:: TASK ::
The requested output is every line from the one with "14k yellow gold" through the last line below, printed exactly.

**** DATA PROVIDED

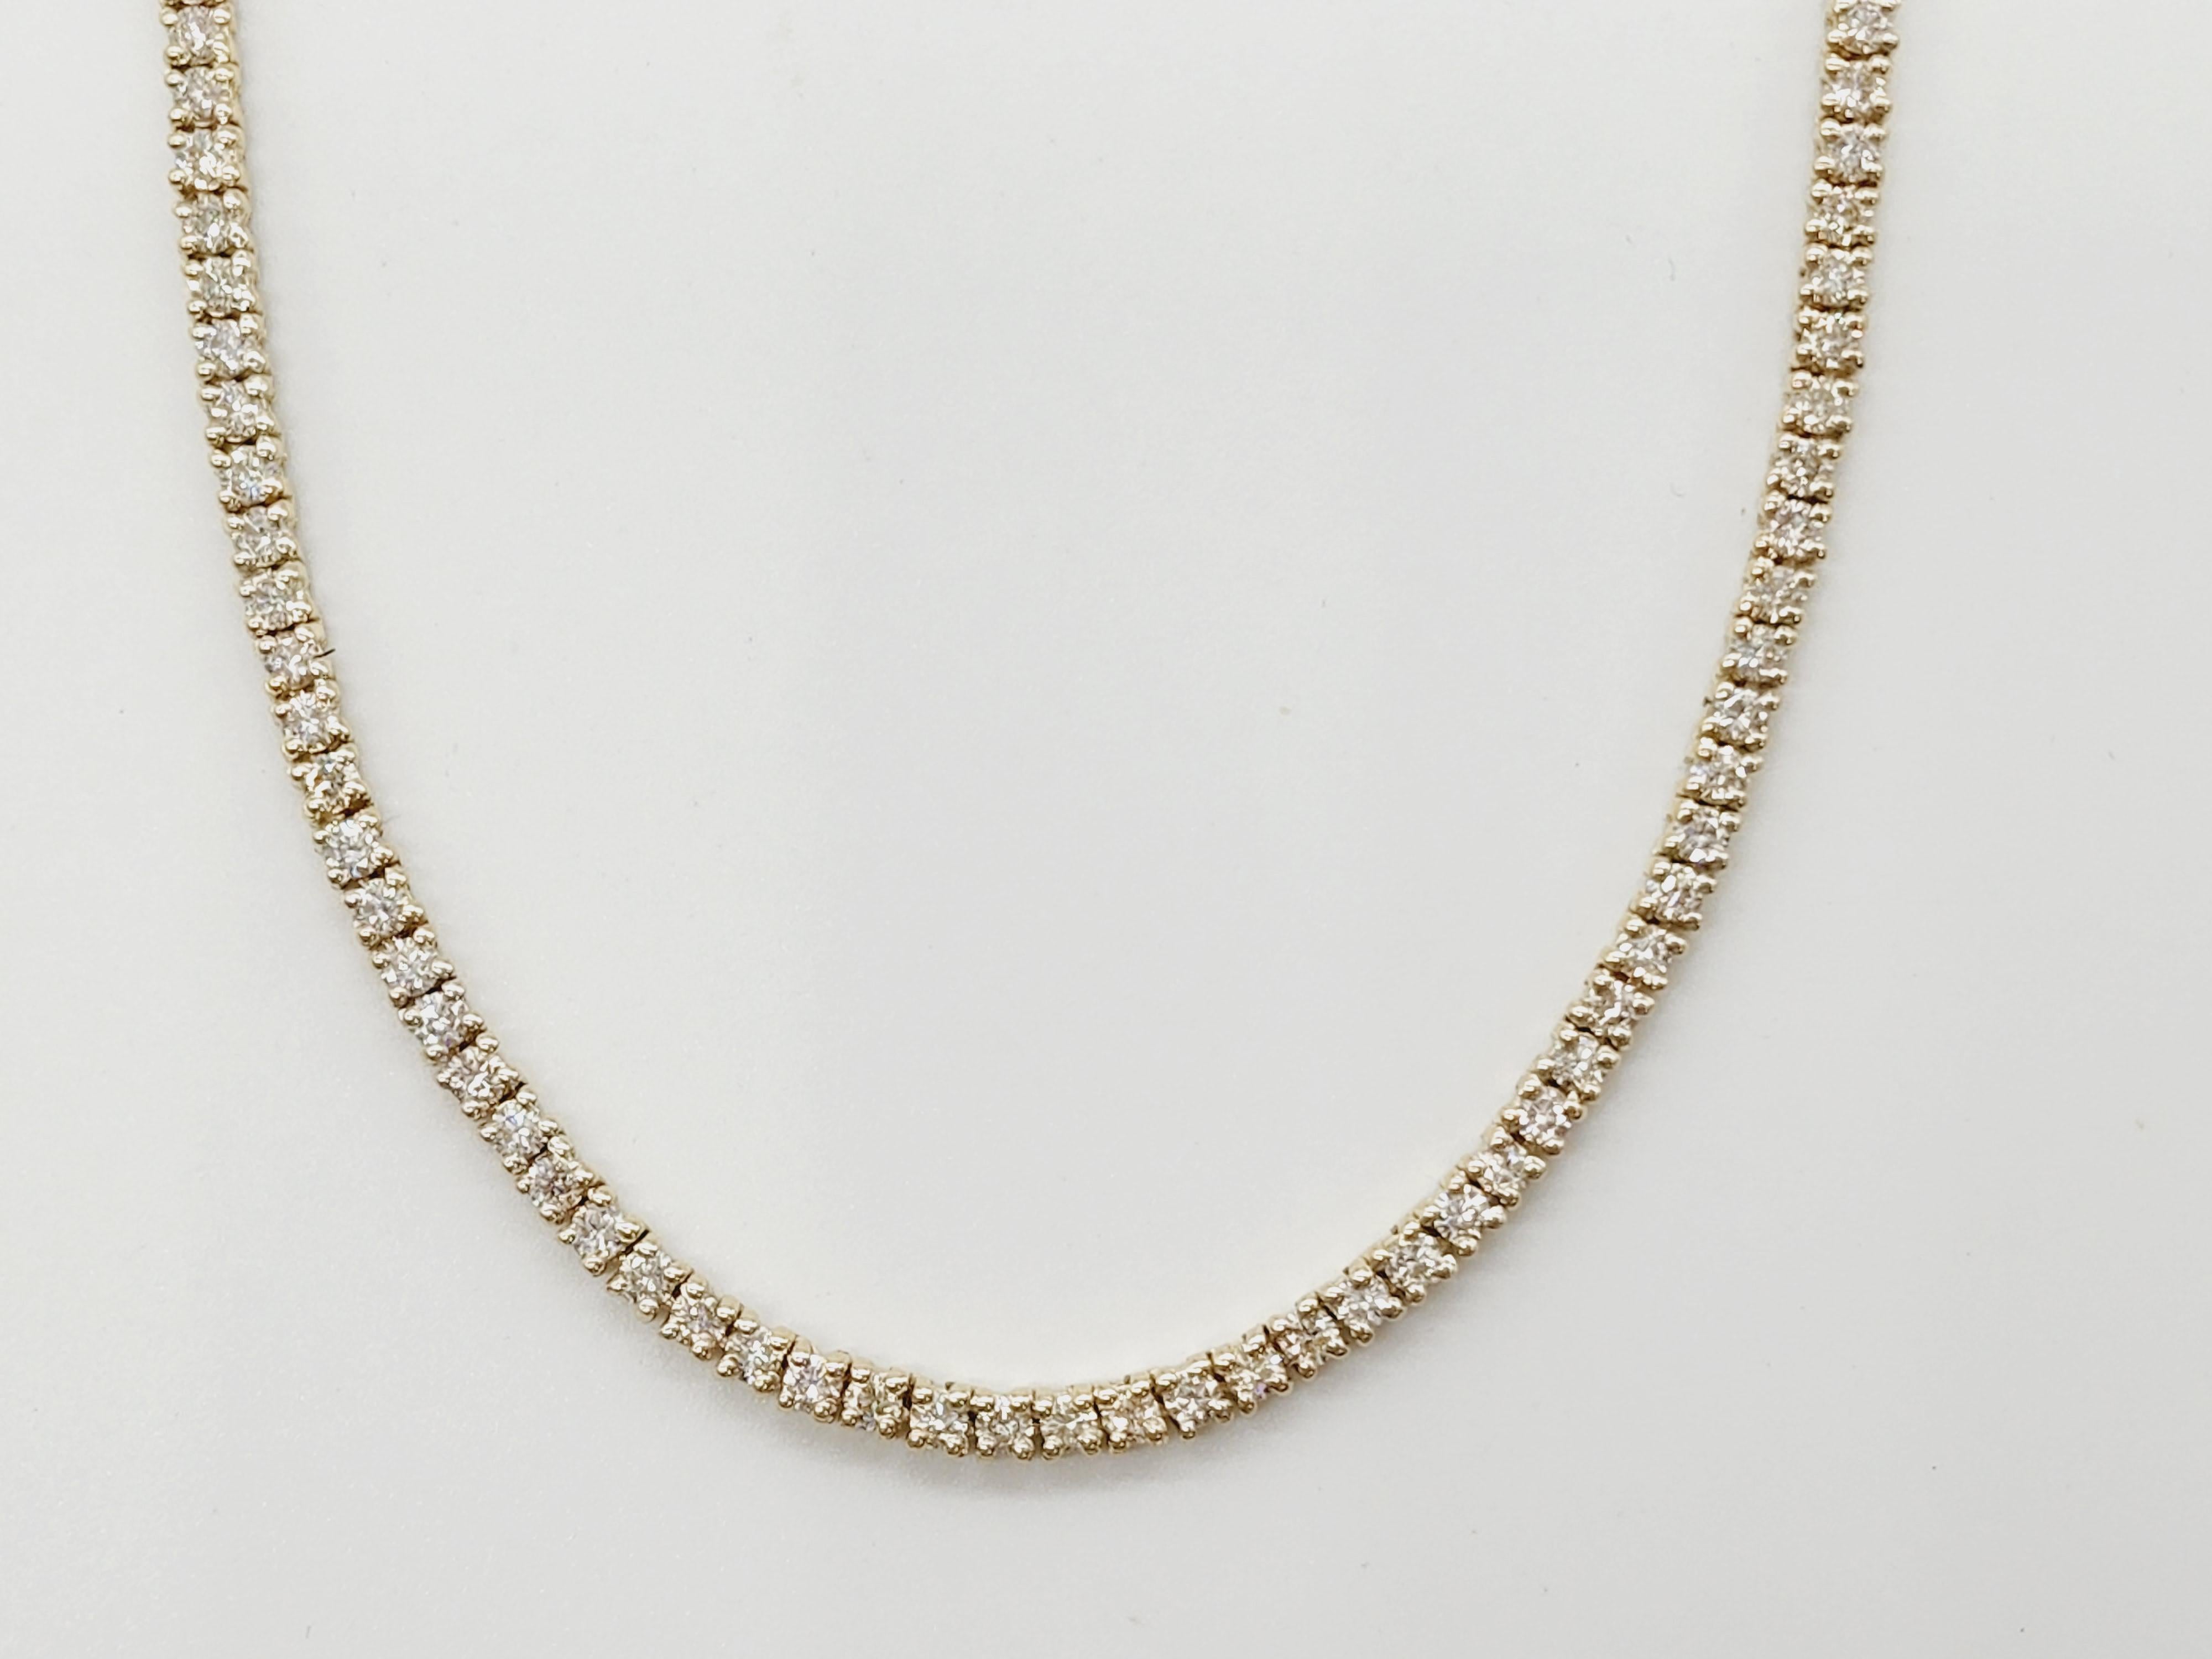 Brilliant and beautiful tennis necklace, natural round-brilliant cut white diamonds clean and Excellent shine. 
14k yellow gold classic four-prong style for maximum light brilliance. 
20 inch length. Average H Color, VS Clarity.

********

:: TASK SOLUTION ::
14k yellow gold classic four-prong style for maximum light brilliance. 
20 inch length. Average H Color, VS Clarity.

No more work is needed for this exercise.